First highlight of the night: “Cryin'” into “Livin’ on the Edge” – where I desperately wanted Eddy Furlong, Alicia Silverstone, and Liv Tyler to saunter out on stage. It’s LA! Come on. When not singing along, I reflected on how normal looking Brad Whitford and Tom Hamilton are, in comparison to Joe Perry and Steven Tyler, who could not be anything but rock stars. Someone who’s never heard Aerosmith would be compelled to approach them to ask if they are rock stars. It’s just a vibe some rare people are born to exude forever.
The second highlight for me was the encore, where they took expected songs, “Dream On” and one of my favorite songs ever, “Sweet Emotion”, and did something unexpected. A piano rose from the tip of the catwalk, with Tyler at the helm, as a curtain pulled back from the top of the stage revealing a full children’s choir. This ubiquitous song was suddenly transformed into something new, something EPIC! There was Tyler at the piano, these ethereal kid’s voices, and then Perry playing guitar ON TOP OF THE PIANO! Unfortunately at this age in their game, and in comparison to the more straightforward production of the rest of the set, it took this kind of production flair to push jaded assholes like me into the excitement zone. But my researcher’s ears witnessed that being the moment everyone was talking about on the way back to their cars. They rode that wave with “Sweet Emotion”, which was the perfect tune to have ringing in your ears as you cruised out of the ‘hood of Inglewood and back to wherever you came from.
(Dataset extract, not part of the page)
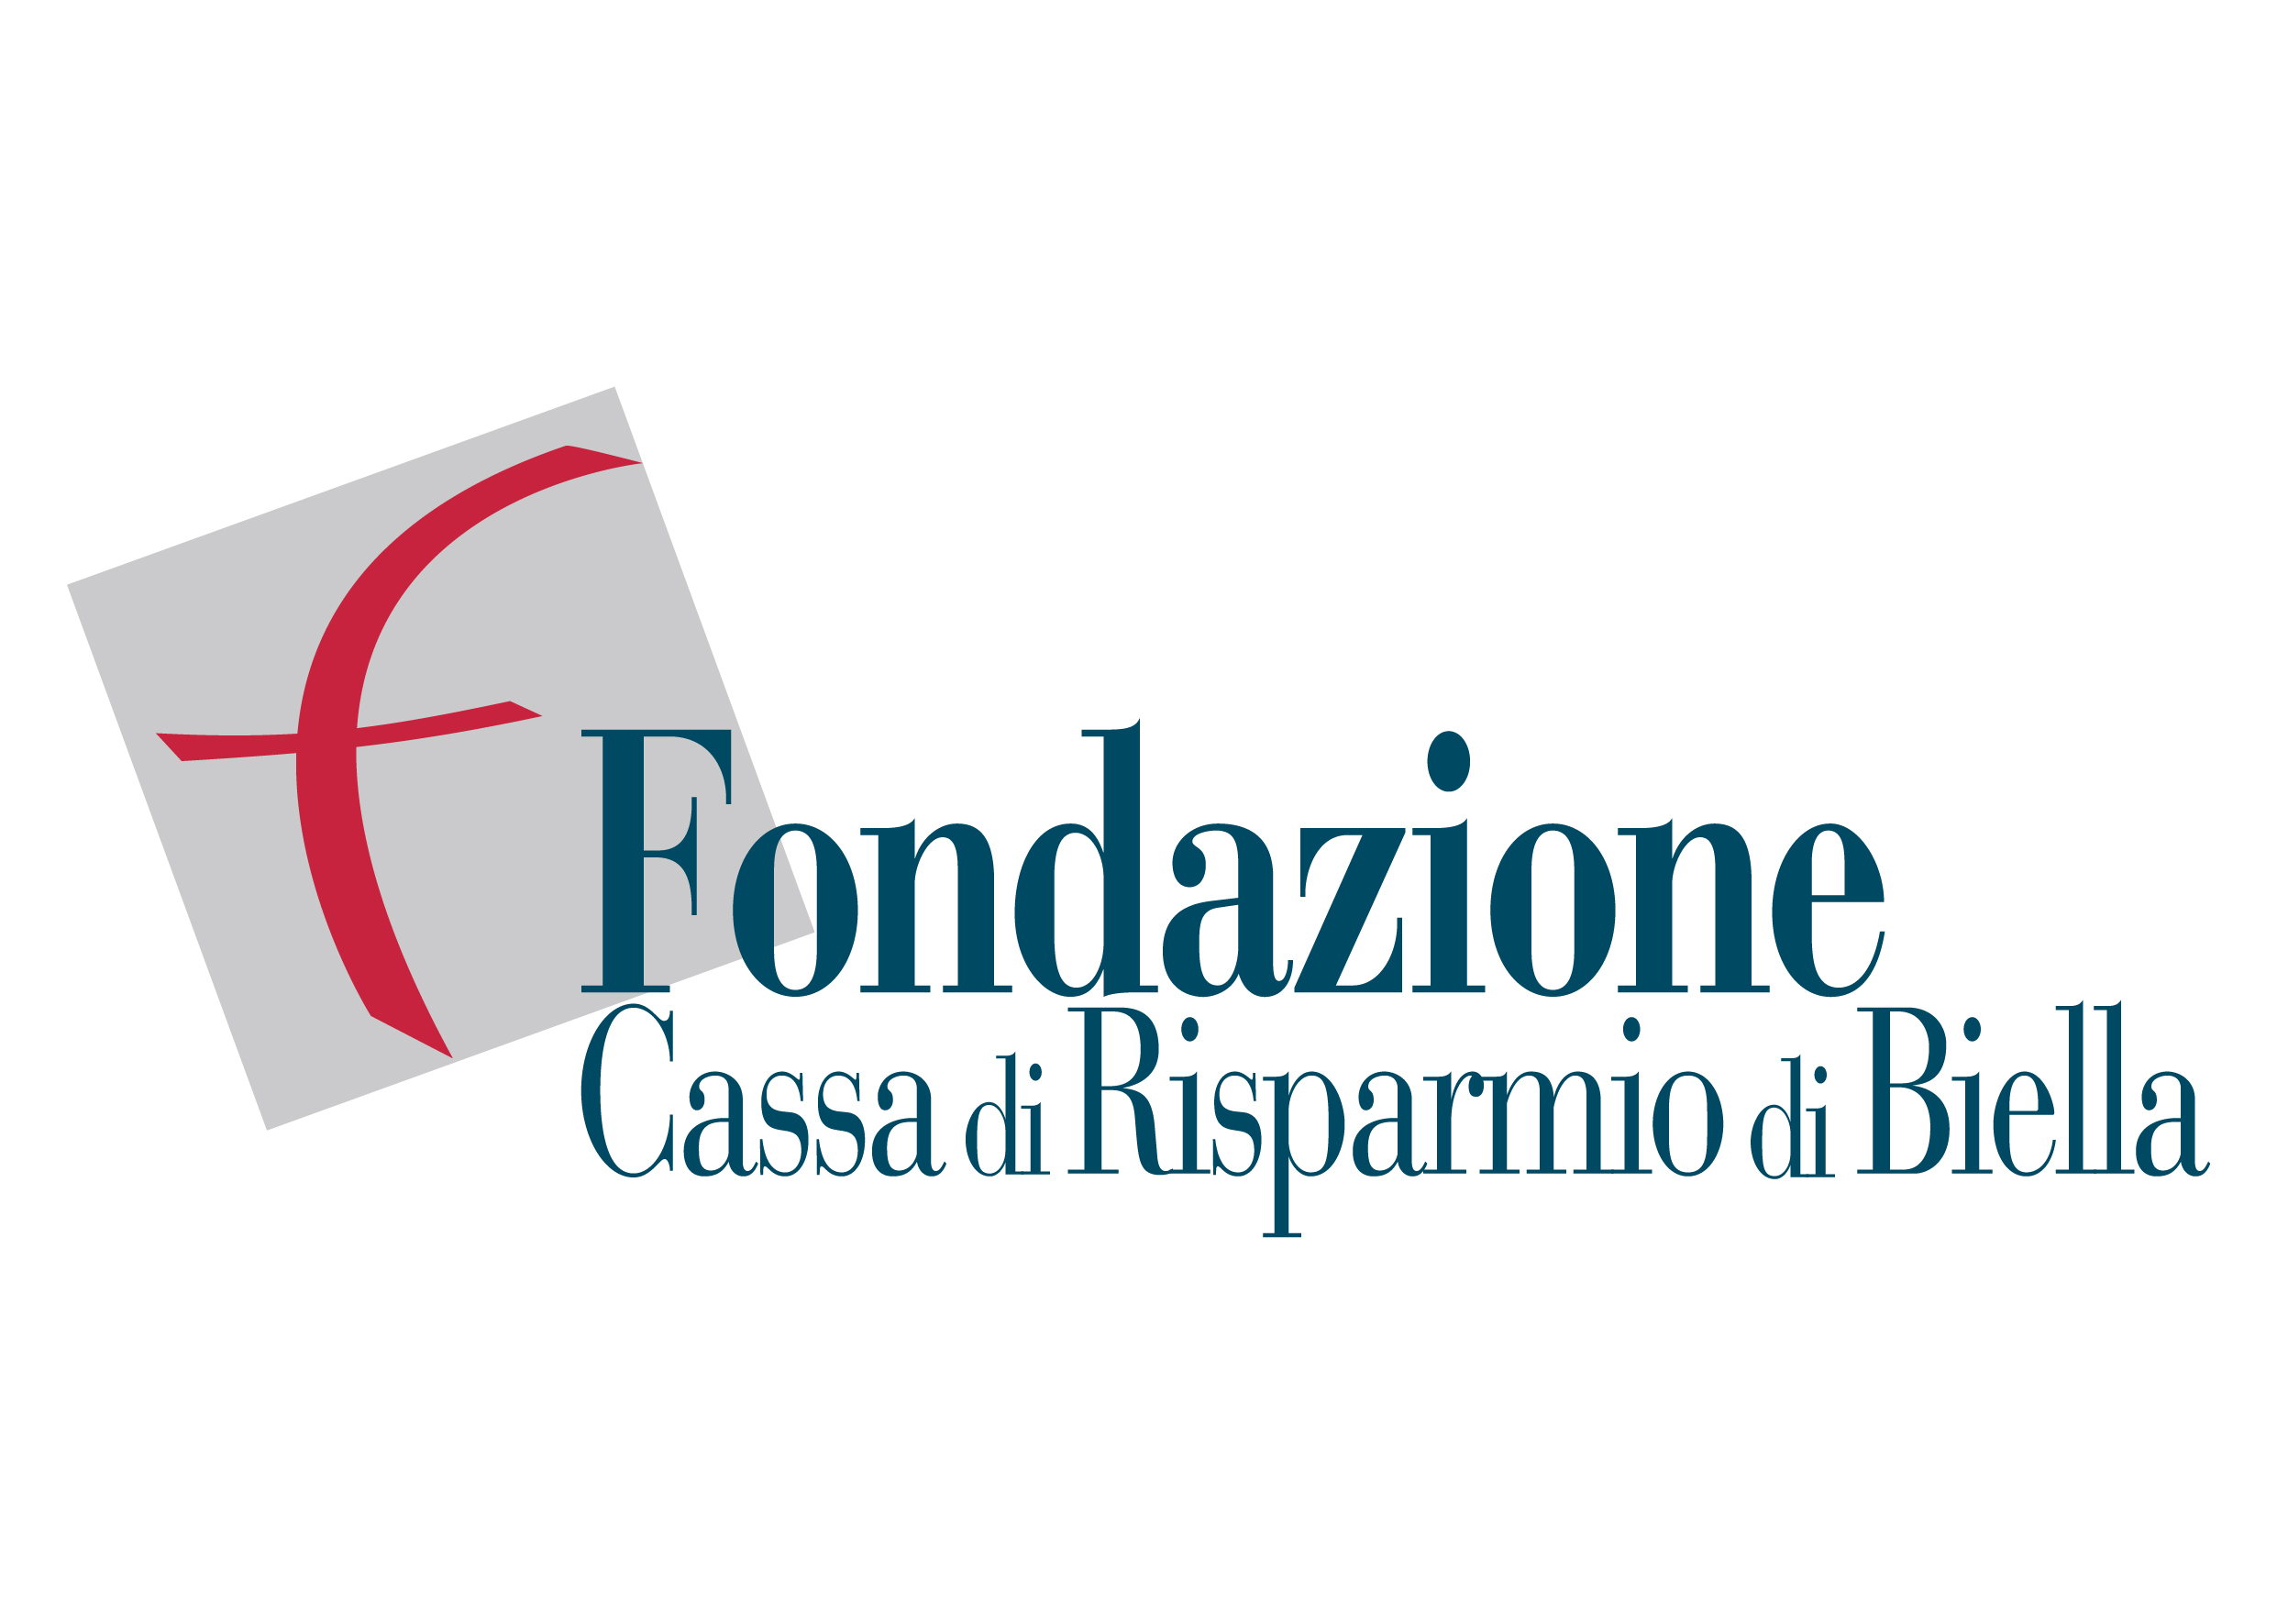 Fondazione Cassa di Risparmio - Sponsor - Reload Soundfestival

While rock & roll has saved my soul, I am fully aware we are living in a post-apocalyptic rock & roll world. A place where people watch Aerosmith through their phones, the chicks on the side of the stage spend the entire set taking selfies, and the rock stars wear sneakers. But with blinders on and the focus just right, I can lose myself in the sweet promise of what rock & roll used to be, if just for a little while.